---- DATASET RECORDS

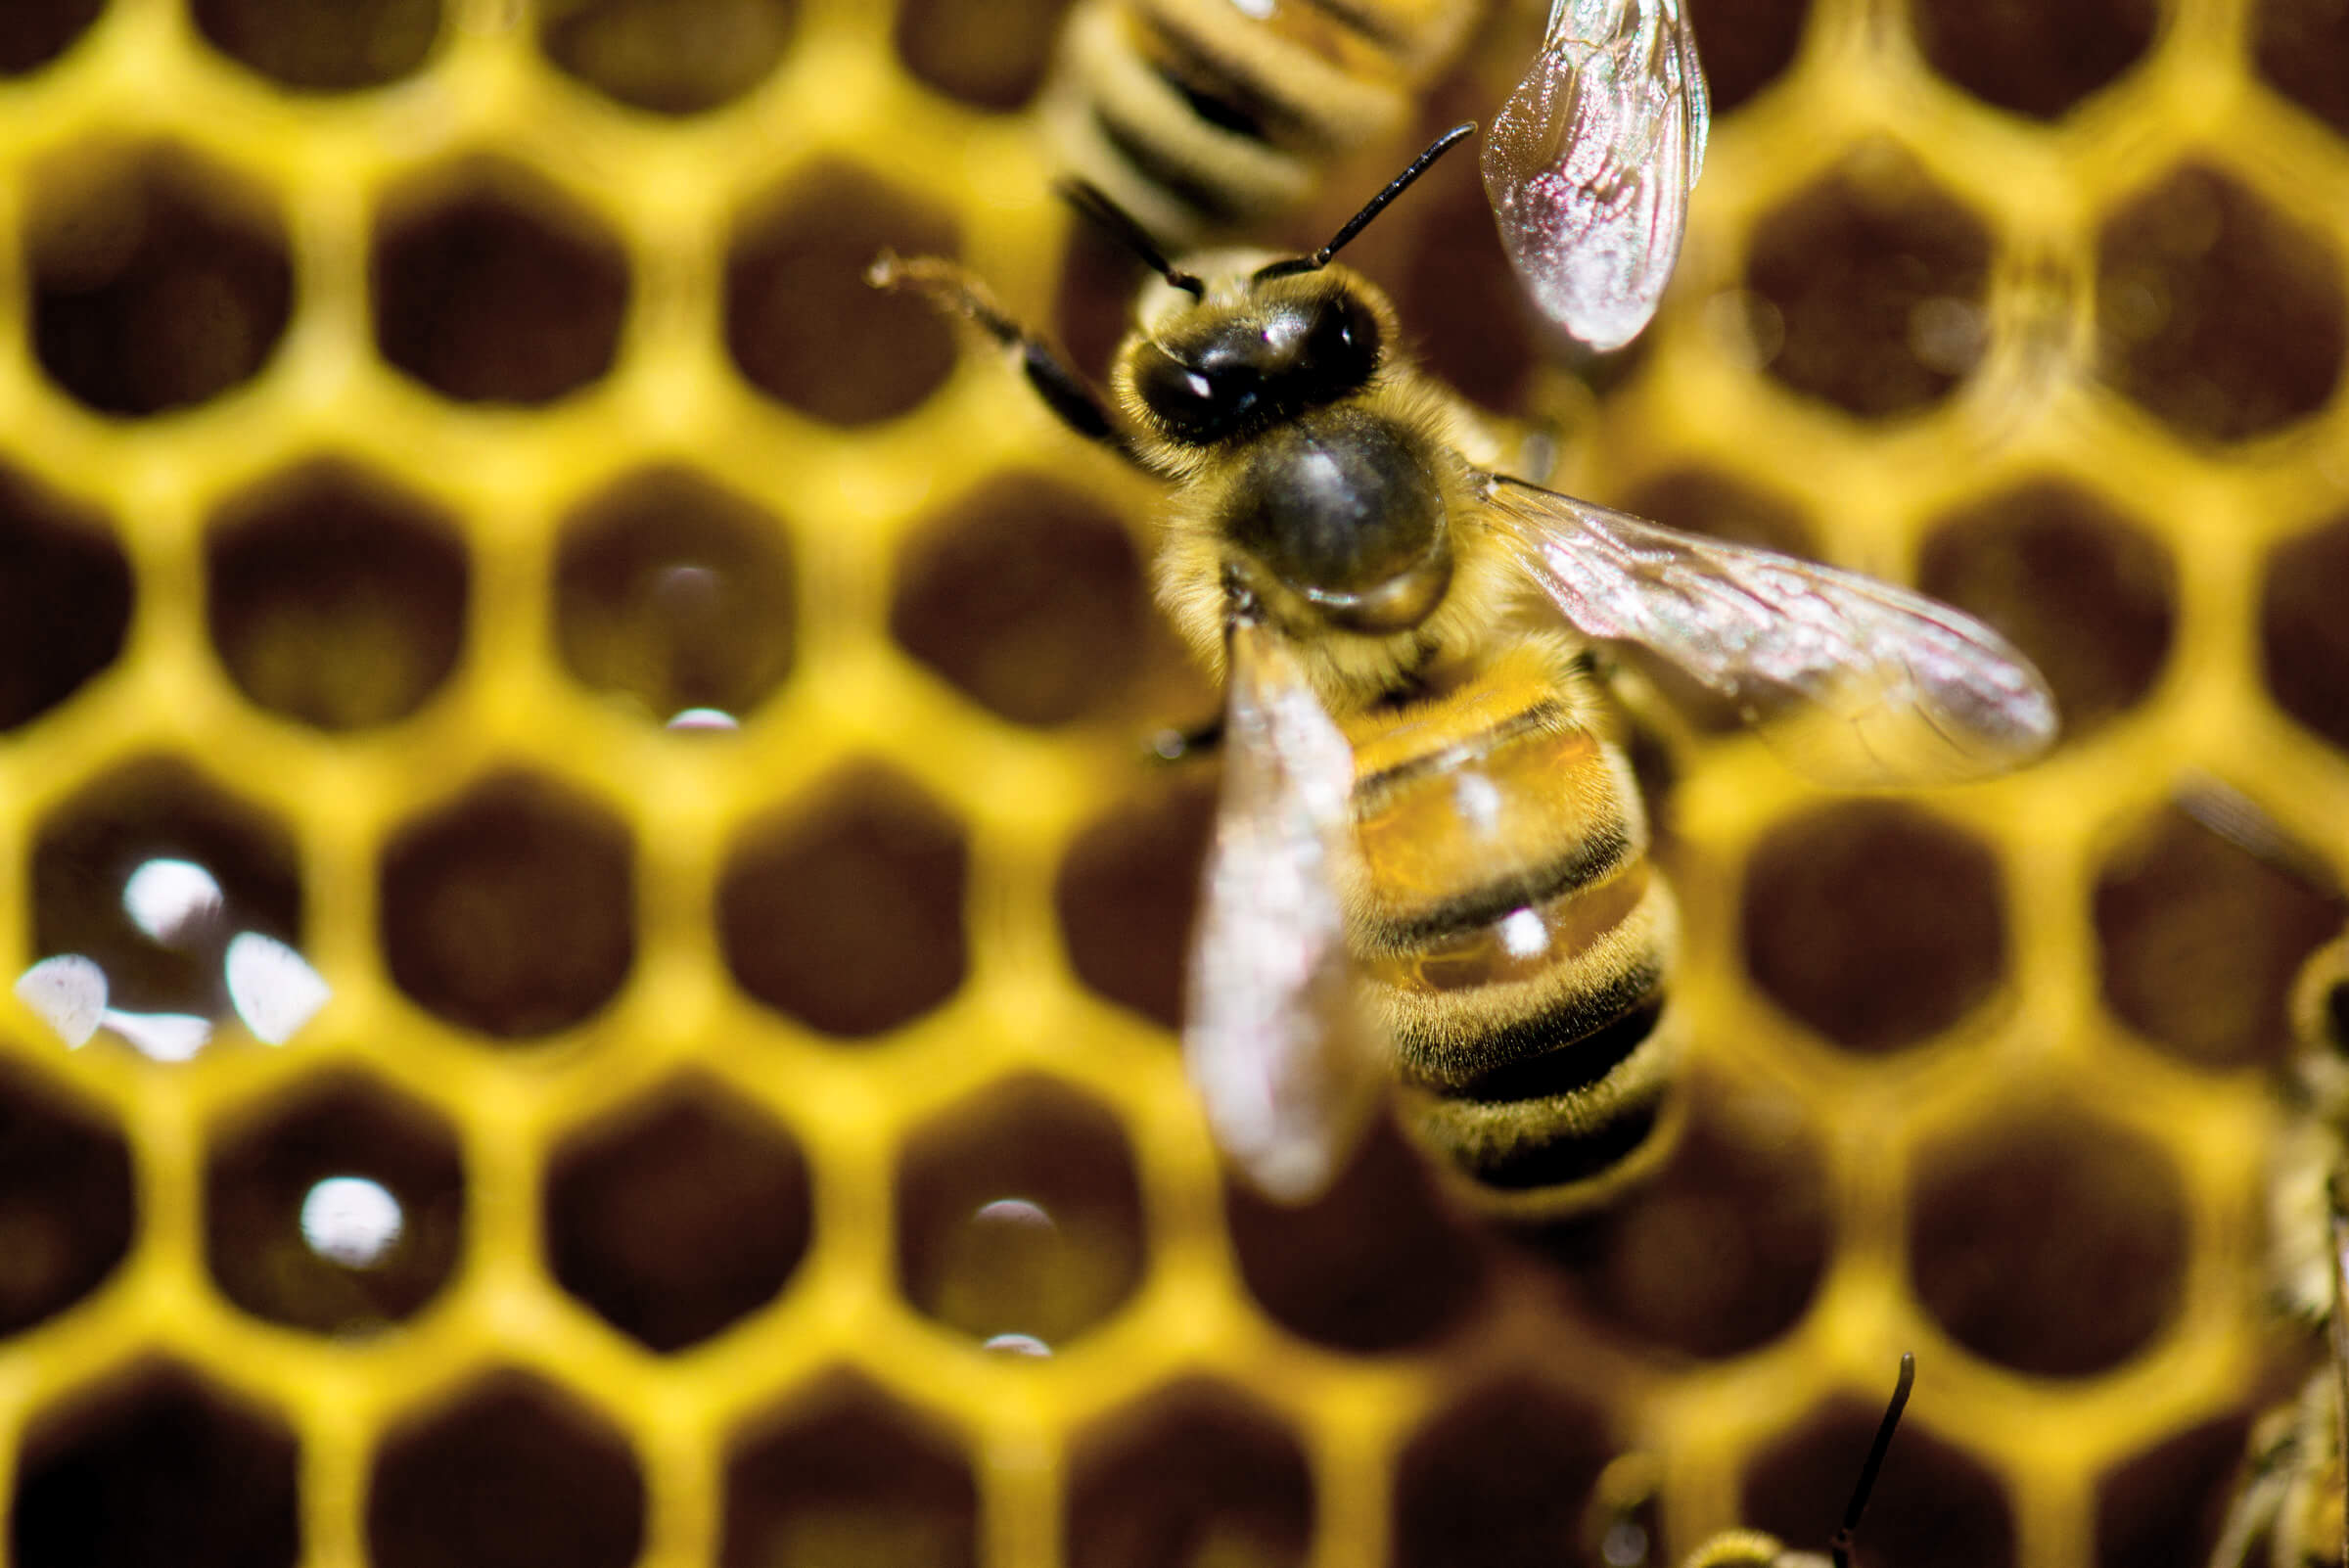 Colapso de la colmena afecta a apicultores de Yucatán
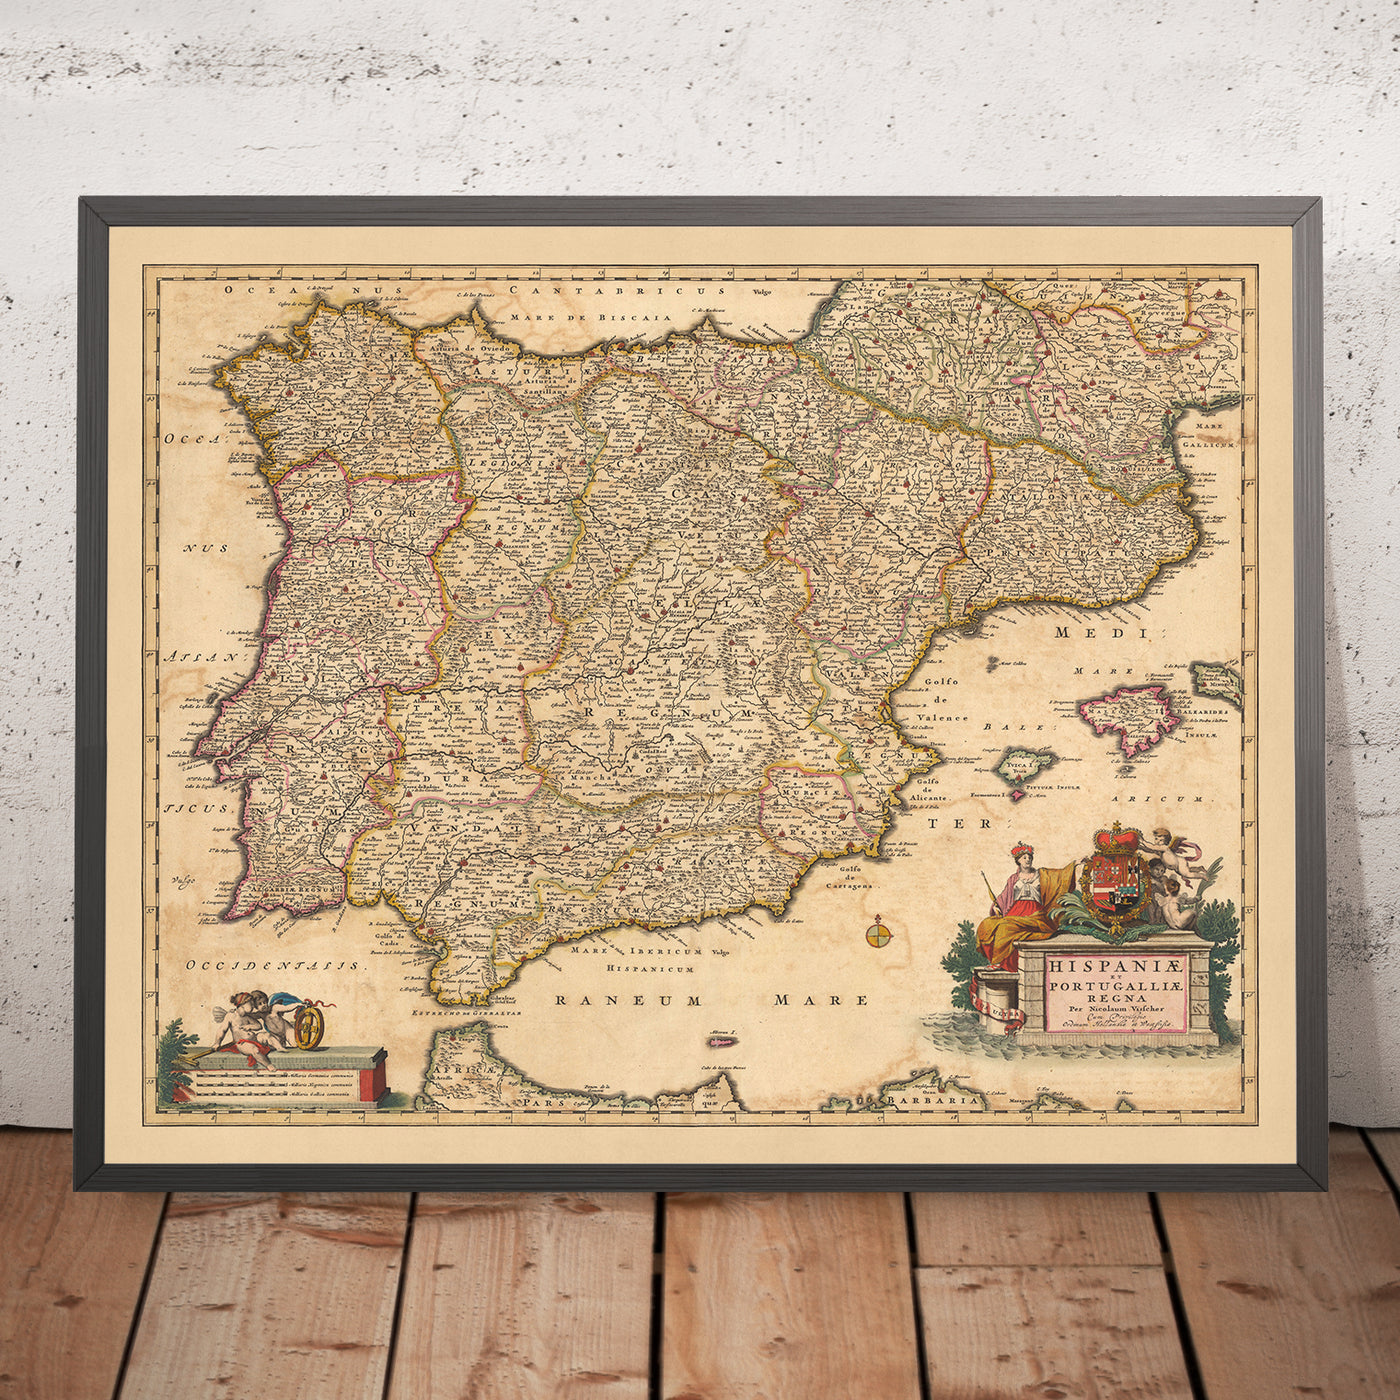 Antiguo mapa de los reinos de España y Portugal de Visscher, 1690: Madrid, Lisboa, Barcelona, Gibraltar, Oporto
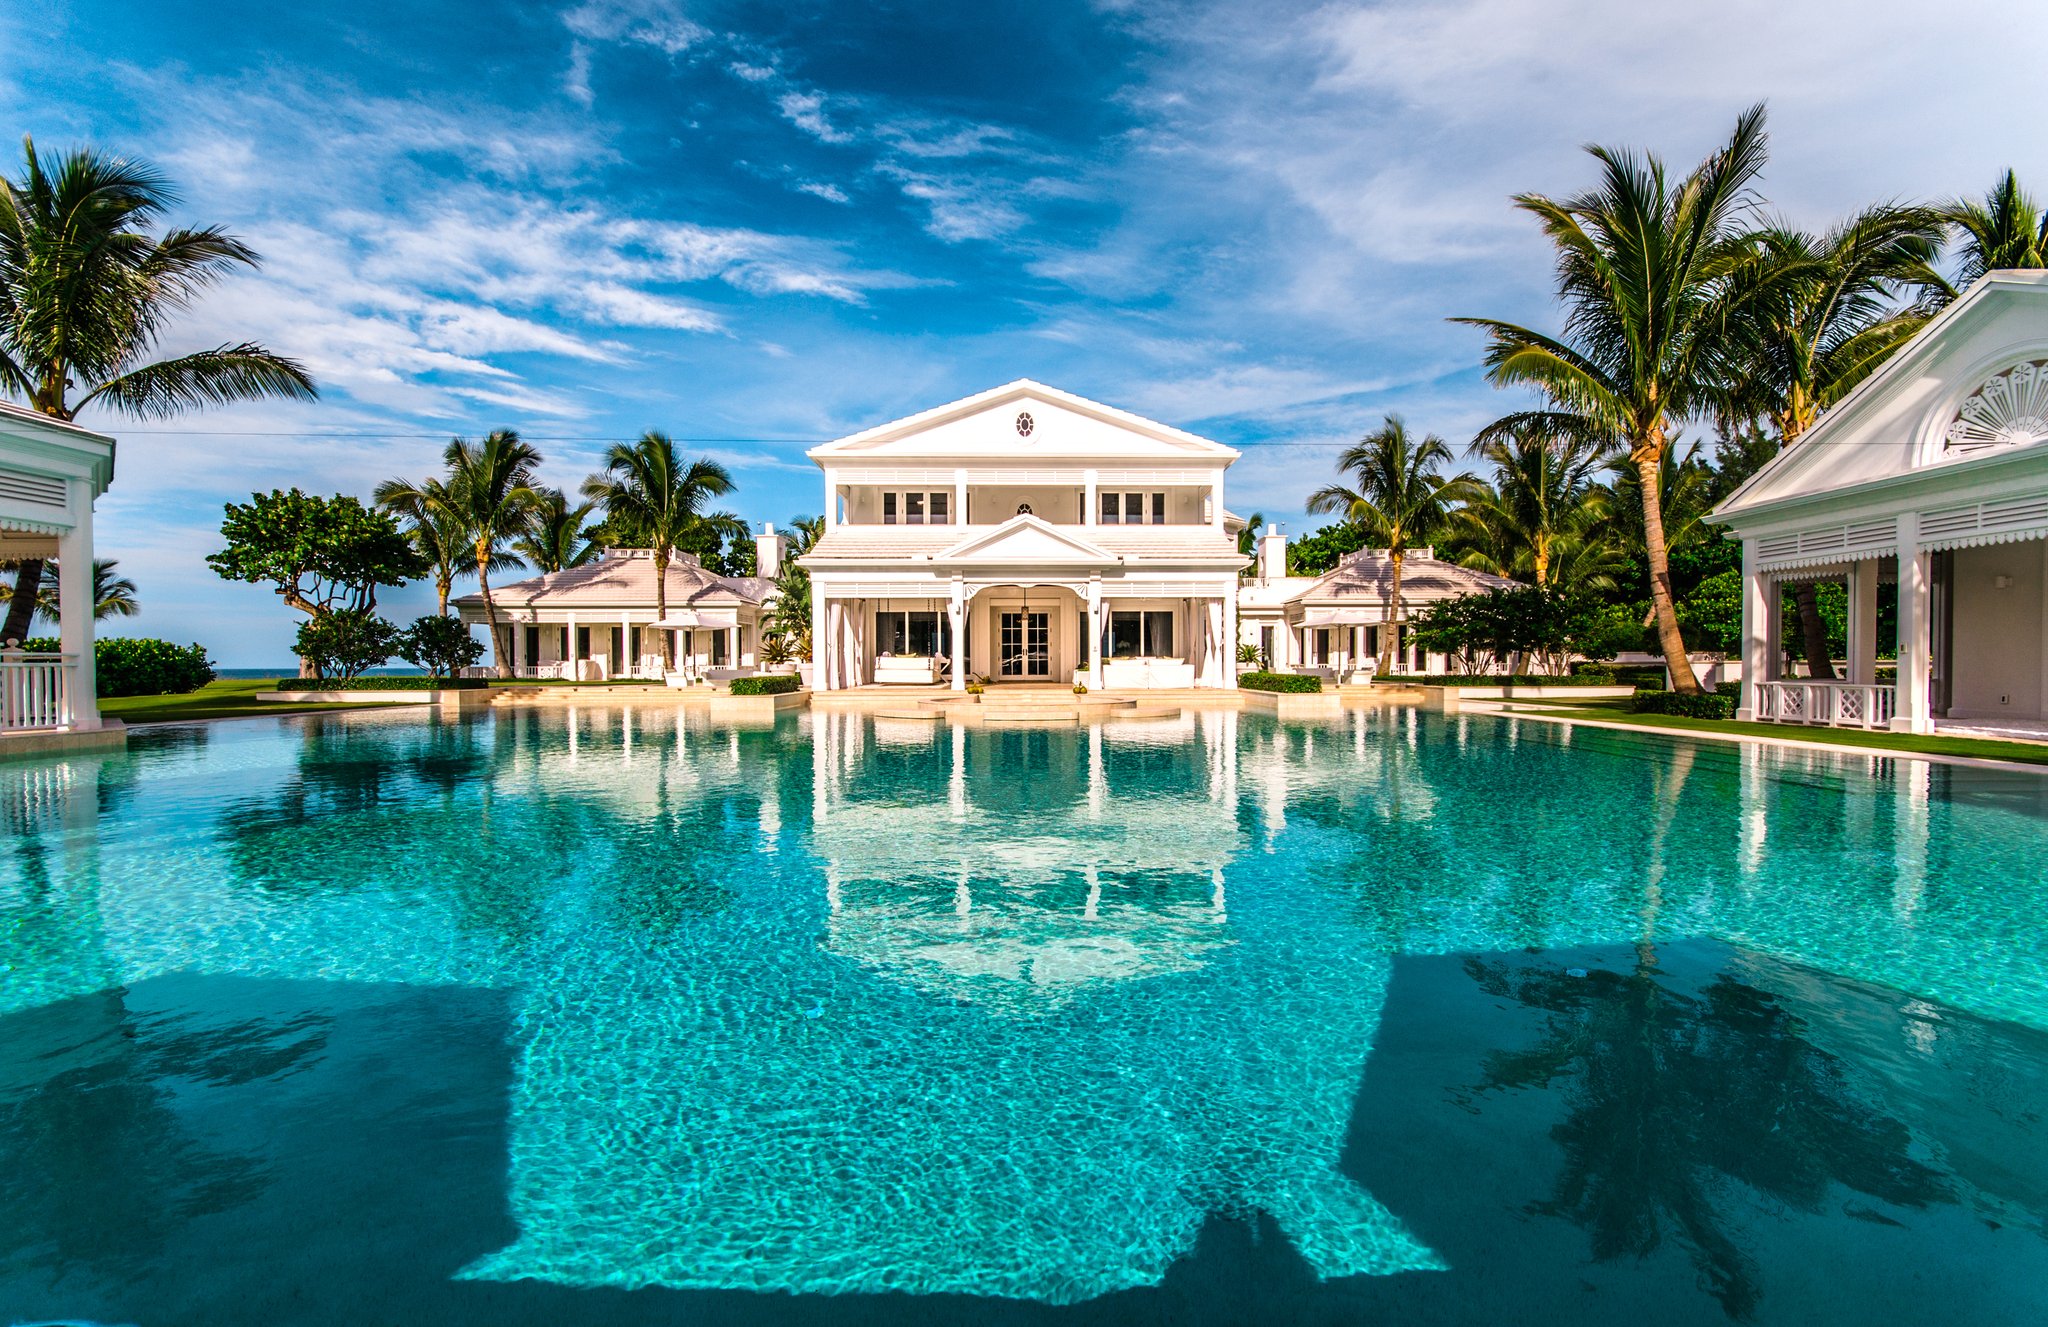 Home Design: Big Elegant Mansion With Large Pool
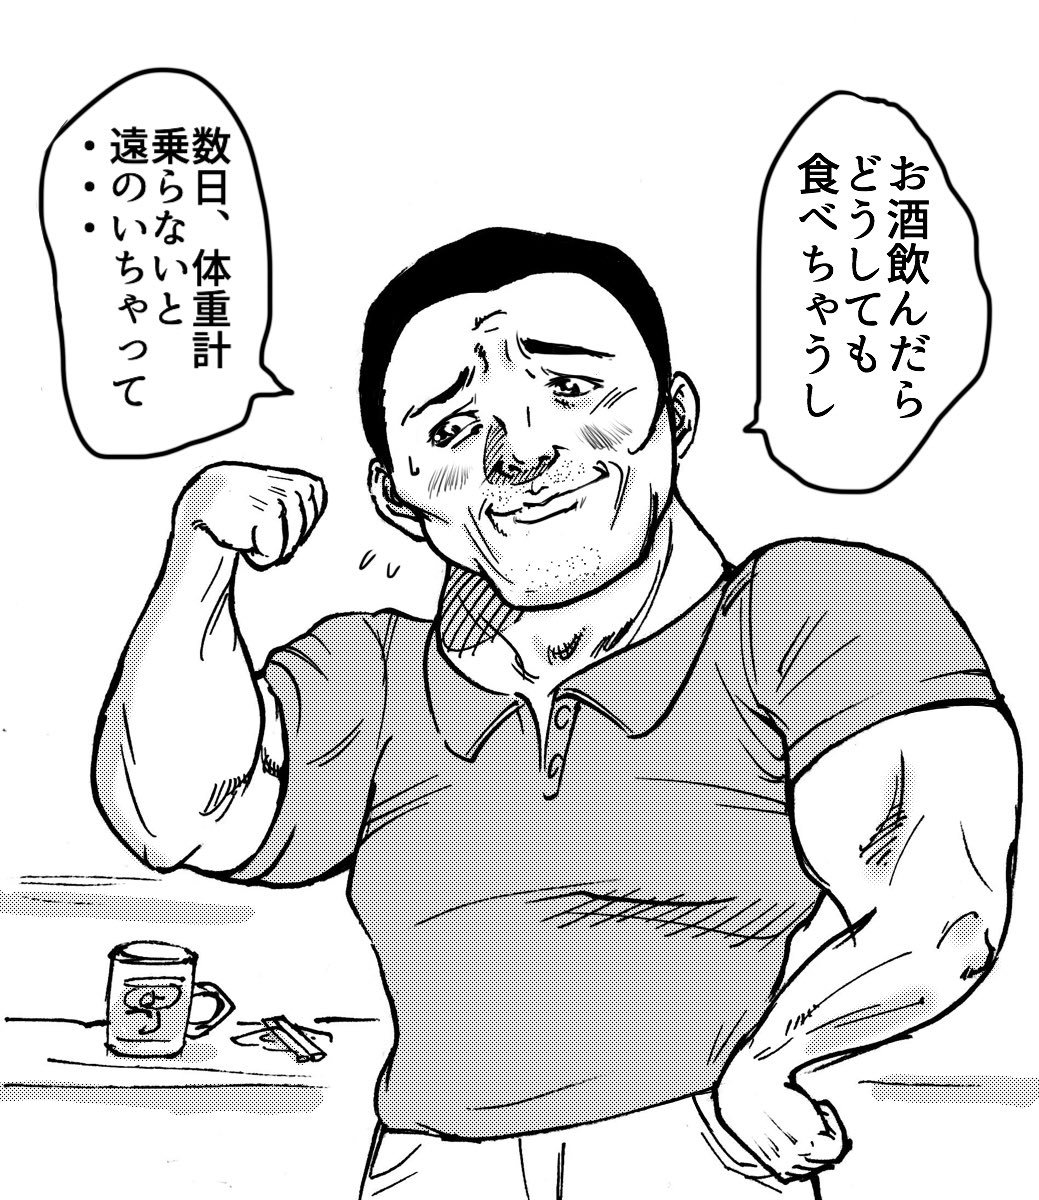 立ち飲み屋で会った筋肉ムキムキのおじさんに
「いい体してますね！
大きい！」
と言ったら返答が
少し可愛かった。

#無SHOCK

--------

WHAT TO PRODUCE:
The job here is to retype the data exactly, with no pictures included.

SOLUTION TO THE EXERCISE:
 Colapso de la colmena afecta a apicultores de Yucatán
 Antiguo mapa de los reinos de España y Portugal de Visscher, 1690: Madrid, Lisboa, Barcelona, Gibraltar, Oporto
 Home Design: Big Elegant Mansion With Large Pool
 立ち飲み屋で会った筋肉ムキムキのおじさんに
「いい体してますね！
大きい！」
と言ったら返答が
少し可愛かった。

#無SHOCK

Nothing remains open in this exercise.